Arzoo and Mohsin are also in cahoots as he wants everything from her including properties and money. Arzoo refuses and tries to sue him. Zubair is told that Arzoo is Faiz's ex-wife so he quits his job. The children return to find out that Arzoo is living there; they are not happy because they want Jia back. They go the next day and ask Jia to come back home. Since Jia loves them she agrees. Faiz asks what Jia is doing there and tells her to leave, he gives her the divorce papers to sign.

Mohsin divorces Arzoo, and she tells him to be happy. Faiz meets with Mohsin and finds out that Arzoo lied to him when she said she didn't want anything. Faiz apologizes to Jia as does Zubair about their behavior towards her. Arzoo is shocked by the turn of events when she sees Jia, Faiz and the kids going out for dinner and the kids tell her that she isn't their mother. Then Arzoo goes to Mohsin there she finds him with her friend: Mohsin tells her he's leaving her for her friend, Anum.
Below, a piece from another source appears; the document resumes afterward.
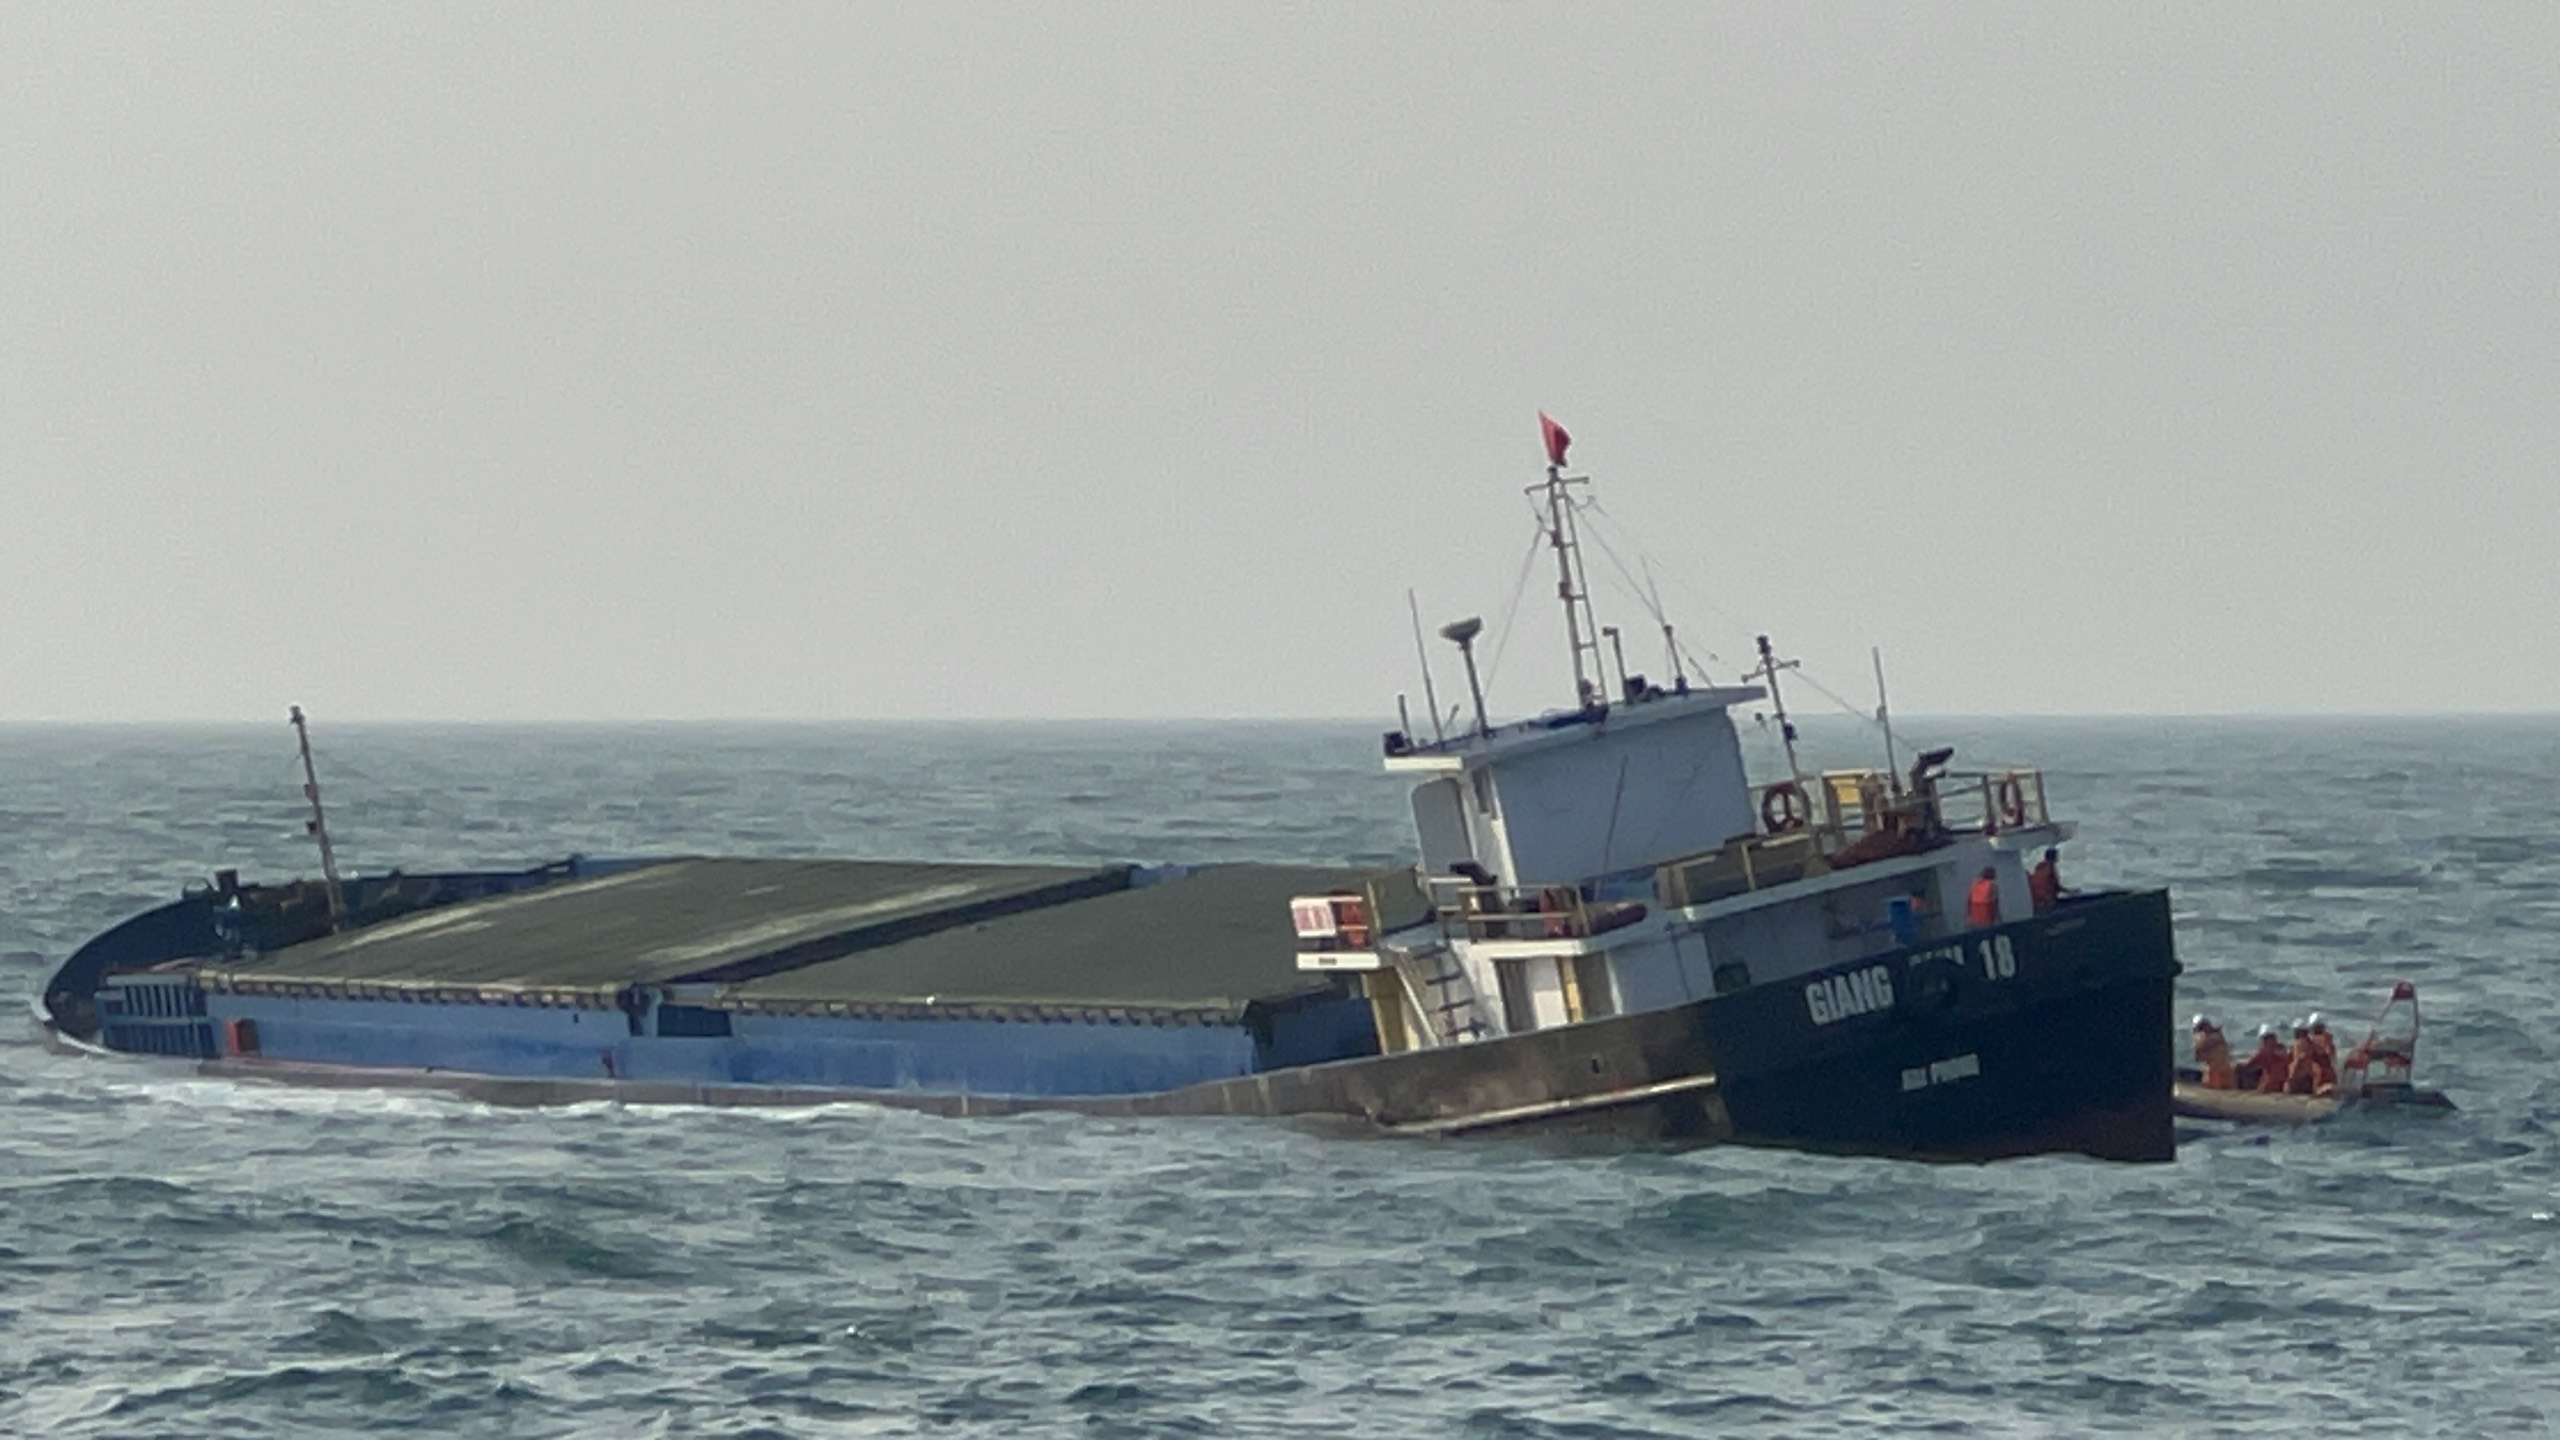 Hình ảnh hiện trường cứu 9 thuyền viên tàu Giang Anh 18 bị chìm do đâm vào bãi đá cạn- Ảnh 3.

The end shows an angry Arzoo going back to her home alone crying. She goes into her room and starts saying that she has everything then why is she crying. Then she is drawing on the floor with her finger and starts laughing.

== Cast ==
- Sohai Ali Abro as Jahan Ara "Jiya"
- Goher Mumtaz as Faiz
- Azfar Rehman as Mohsin
- Ayesha Omar as Arzoo
- Saba Hameed as Faiz's mother
- Arisha Razi as Sabeen
- Farah Nadeem as Jia's mother
- Uzma Akhter as Jiah's bhabhi
- Yasir Shoro as Zubair

== Soundtrack ==
Tanhais original title song is sung by Goher Mumtaz of Jal.